4 December 2009 No Comment Written by Joe Sparrow

> I usually pay little heed to a band’s name. Atari Teenage Riot, for example, is truly ridiculous, though frankly, ATR fans were too busy getting mental with the thrash/punk/d’n'b/speed-metal insanity to ponder the minutiae of the band’s moniker.

So if the name ‘Ninjastep’ seems a bit… daft and rubs me up the wrong way, who cares? And if the band members are actual ninjas, then all is wholeheartedly forgiven (and please don’t silently slice me up in my sleep).

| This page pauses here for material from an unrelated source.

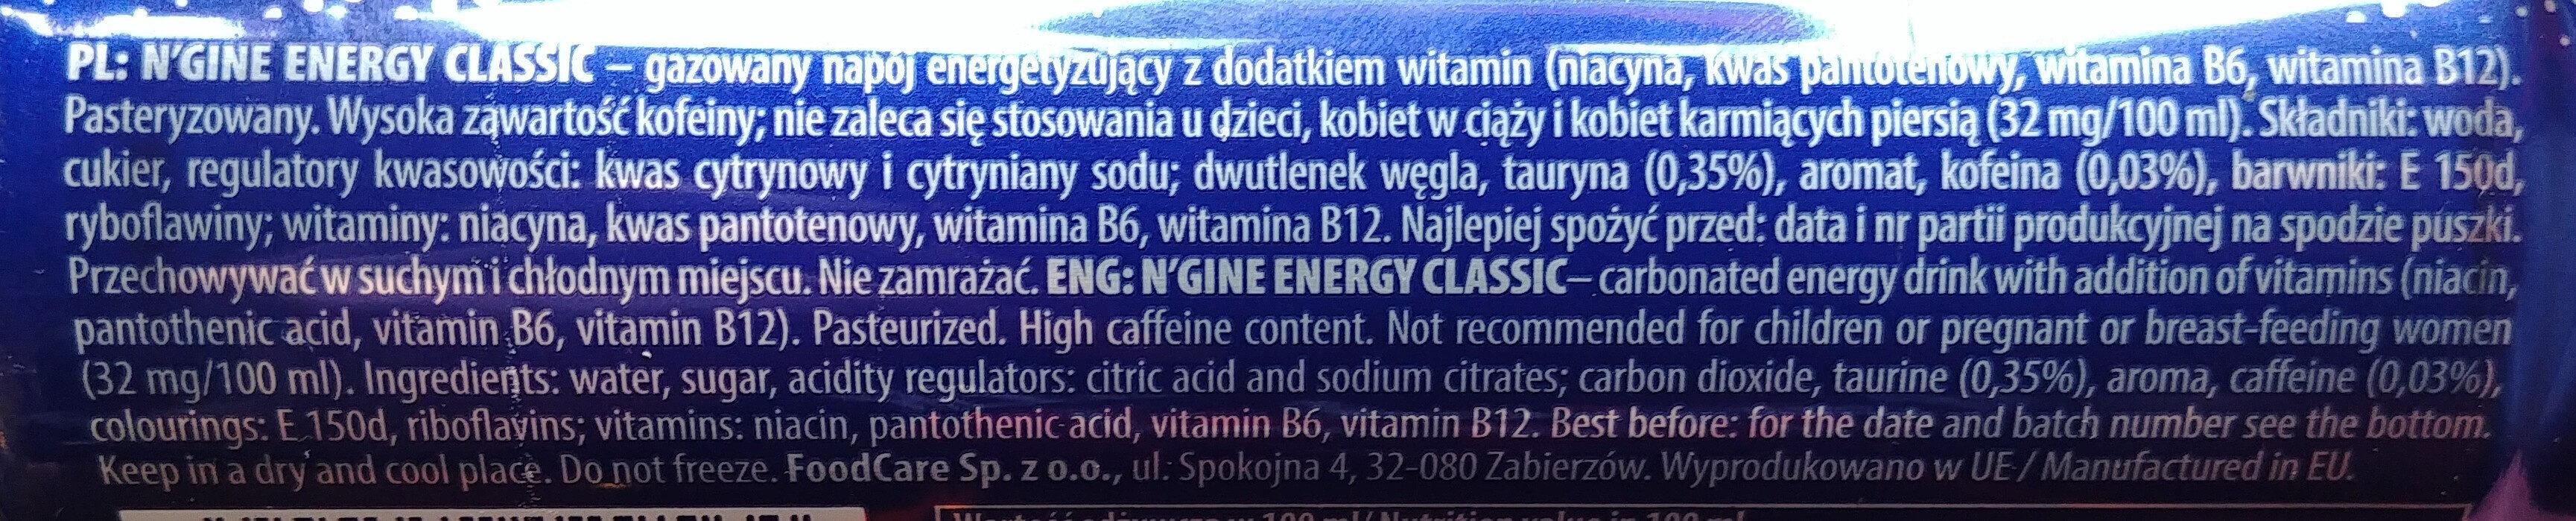 Gazowany napój energetyzujący z dodatkiem witamin - Ingredients - pl

Ninjastep have forced a selection of sounds together that are often incompatible, and present to us, the endlessly bewildered listener, with bass-heavy, slow-beat songs that are too tough for ‘chillout’ (yuk) and not fast enough to disappear into the ever-present miasma of mentalist dubstep.

See Blow Me as proof: a song cobbled together from strange found-sound vocals, instrumental segments that normally would be out of place, and throbbing bass to shatter earwax.

Ninjastep – Blow Me

Production Line is a song that transmogrifies a muted trumpet and forces it into a echo-drenched dub-tinged stomper with a bowel-loosening bassline. Songs like this are notoriously difficult to pull off with aplomb, and always flirt with the dangers of sounding like a school choir trying something ‘edgy’.

Ninjastep have got it just about right, tip-toeing down that tightrope that has idiocy on one side, depressing normality on the other, and a baying audience all around. Unusual and new.